If you want to see true behavior change, one of your tactics should be to must praise what you want to see repeated.
So encourage each other and build each other up, just as you are already doing. 1 Thessalonians 5:11
Christians tend to apply this verse a lot to their encouragement of one another. But have you ever thought about applying it to your children? This concept could result in long-term behavior change.
I was listening to a podcast this morning and I heard something that should not only change the way you parent, it should also bring about the behaviors that you desperately want to see in your kids.
The statement was: Praise the behaviors that you want to see repeated.
Sounds simple enough, right? But the honest truth is that many of you have a very hard time living this out. Your first instinct in trying to influence your child’s behavior is to point out what was done wrong and what needs improvement, and then to leave it at that.
But what if you tried a difference approach?
What if you were on the lookout for when your child does something right and then praised that behavior?
I’m not saying you should never offer suggestions or corrections to your child, but what if that approach became secondary? What if your first tactic was to look for what is being done right and praise it?
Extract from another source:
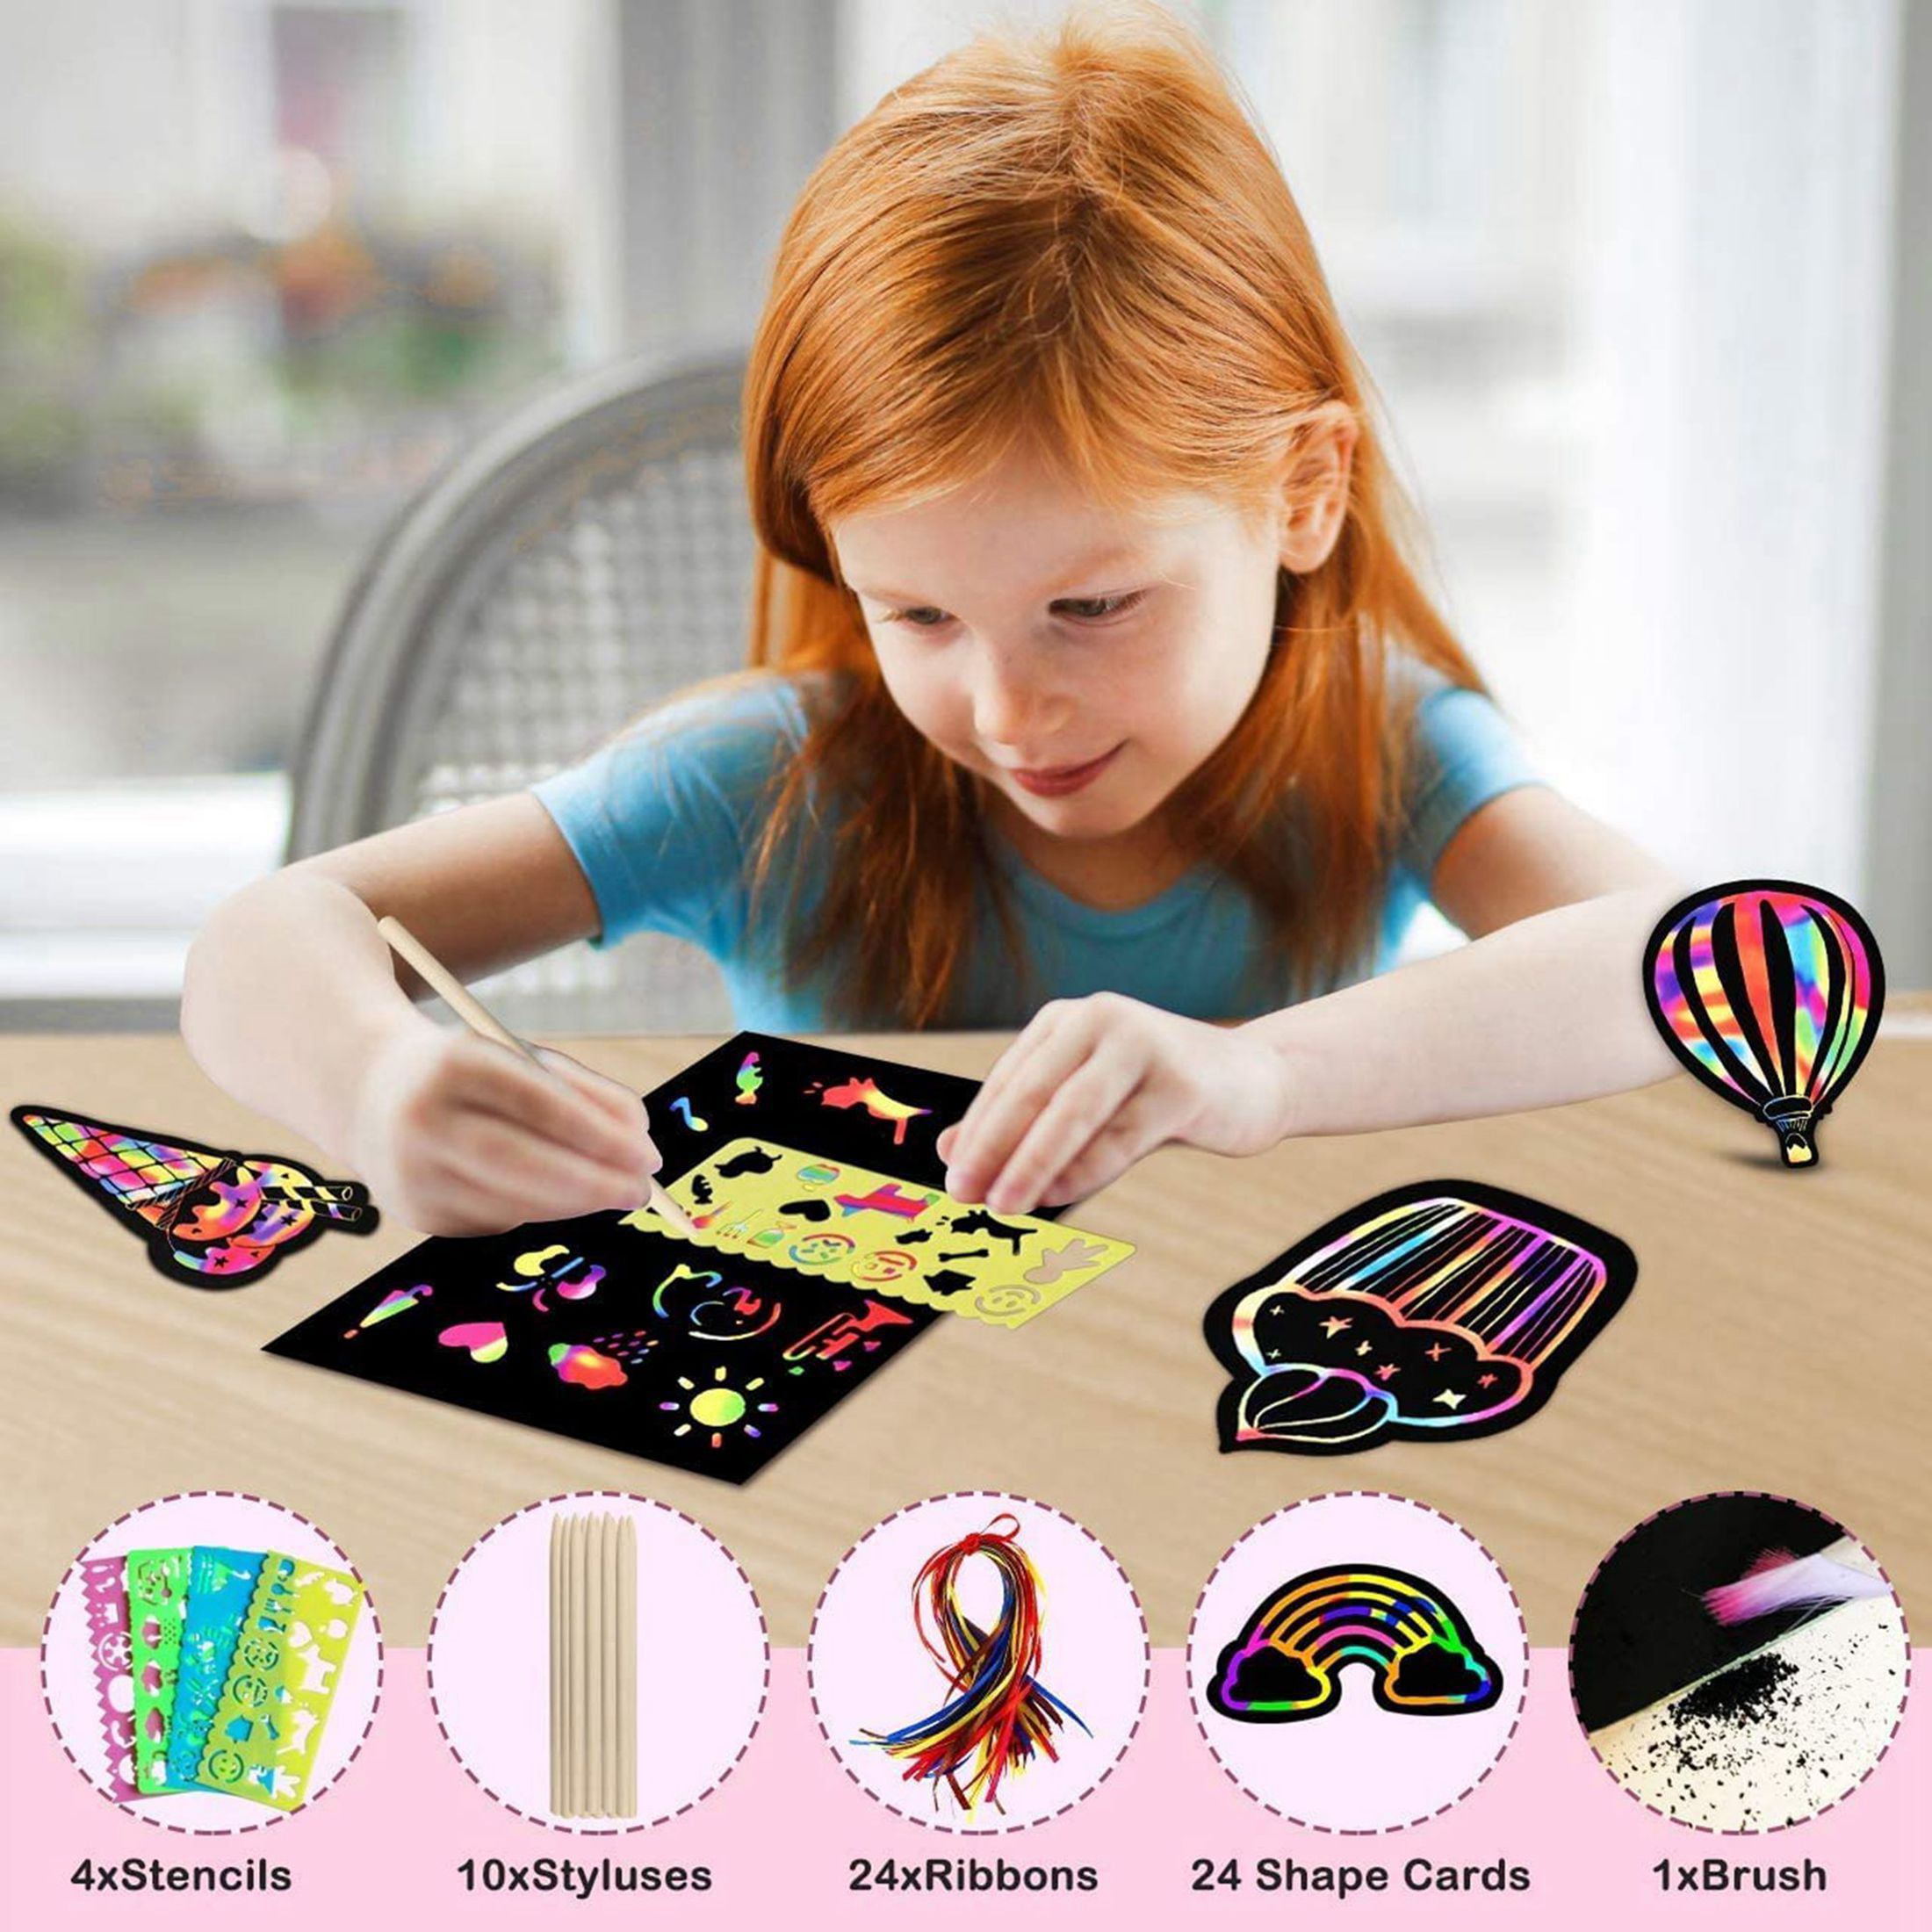 ZMLM Scratch Paper Art Set for Kids: Magic Drawing Art Craft Kid Black  Scratch Off Paper Supply Kit for Age 3 4 5 6 7 8 9 10 Girl Boy  Holiday|Party
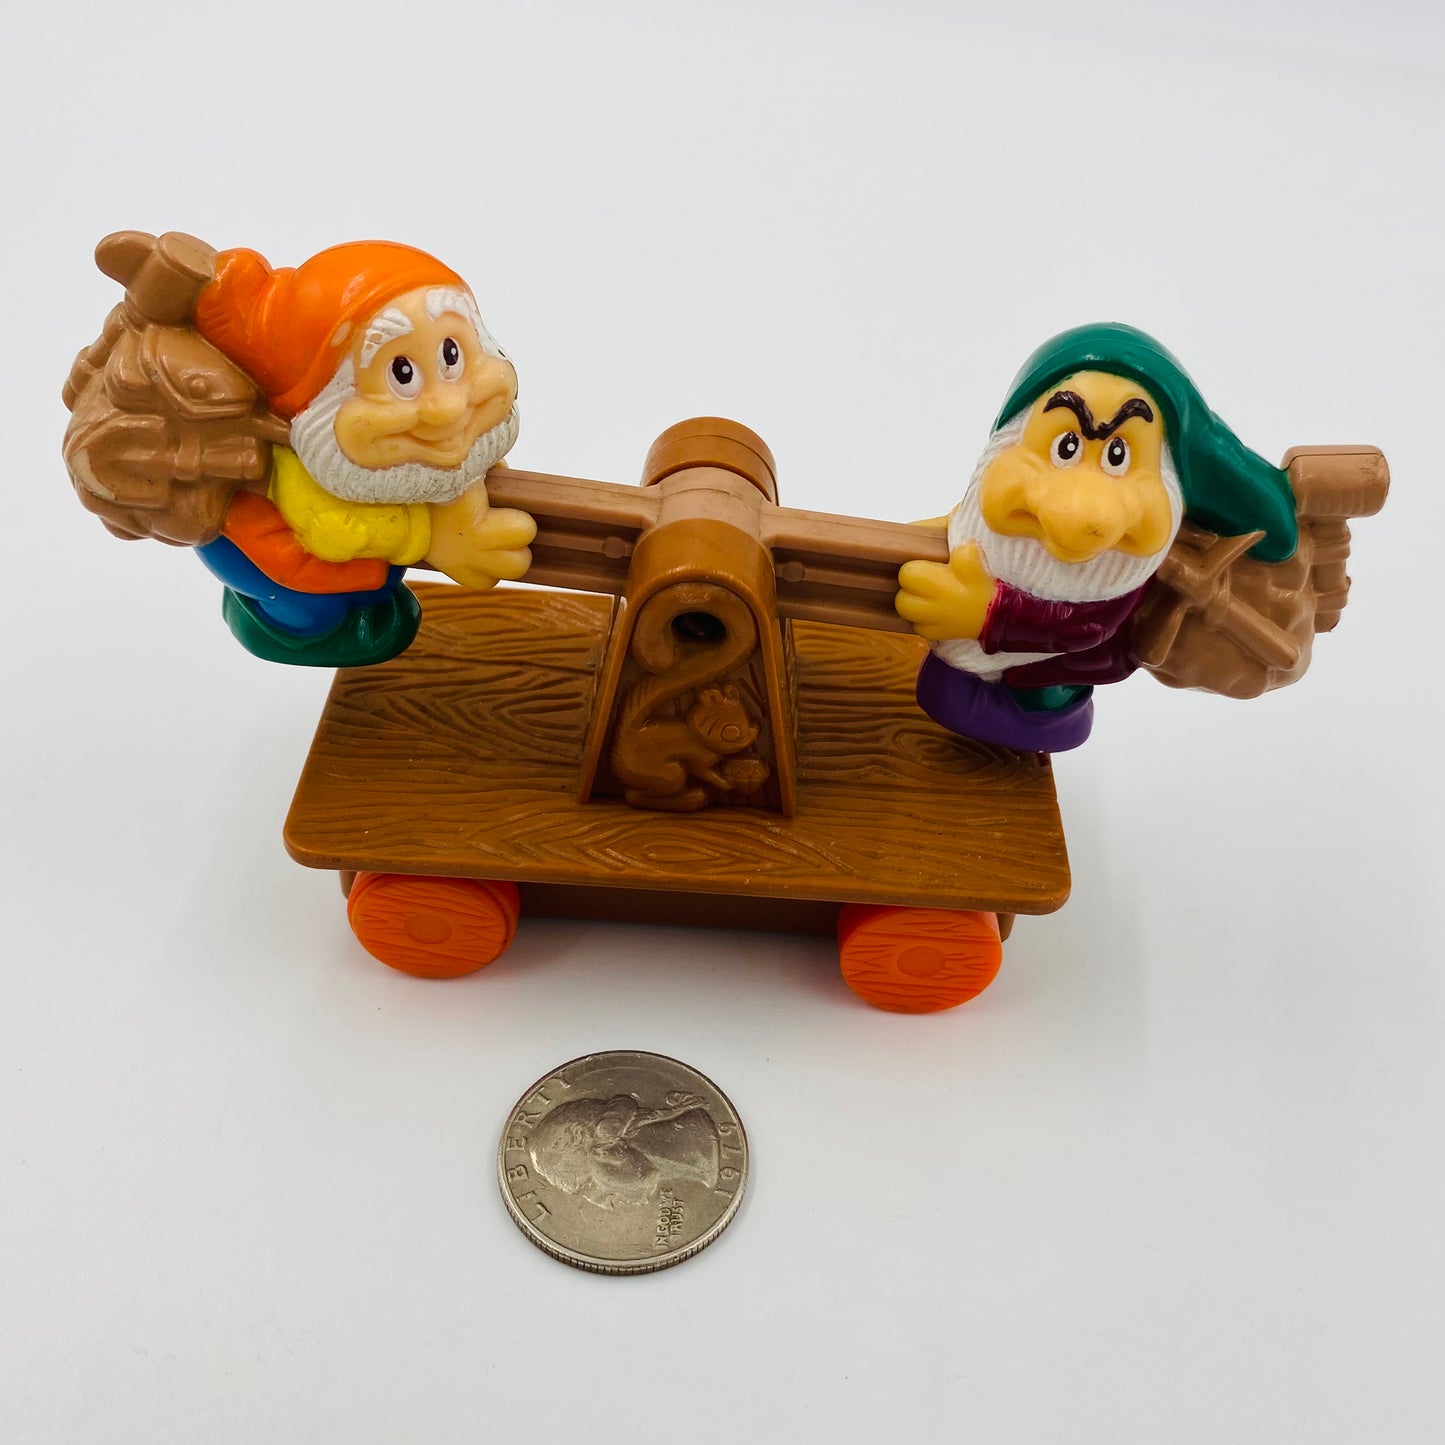 Snow White and the Seven Dwarfs Grumpy & Happy McDonald's Happy Meal toy (1992) loose

Homes that always focus on what was not done right crush spirits and breed a stifling atmosphere.
But parents who look for the positive first, and praise it, will motivate others to continue that good behavior. There is a proper time and way to follow up with constructive criticism. But it does not have to be the first line of defense.
Keep in mind that this is not a quick fix. You must make praising the behavior you want to see a lifestyle.
Start practicing that approach this week and you just may see the beginnings of a change you’ve been waiting on for a long time.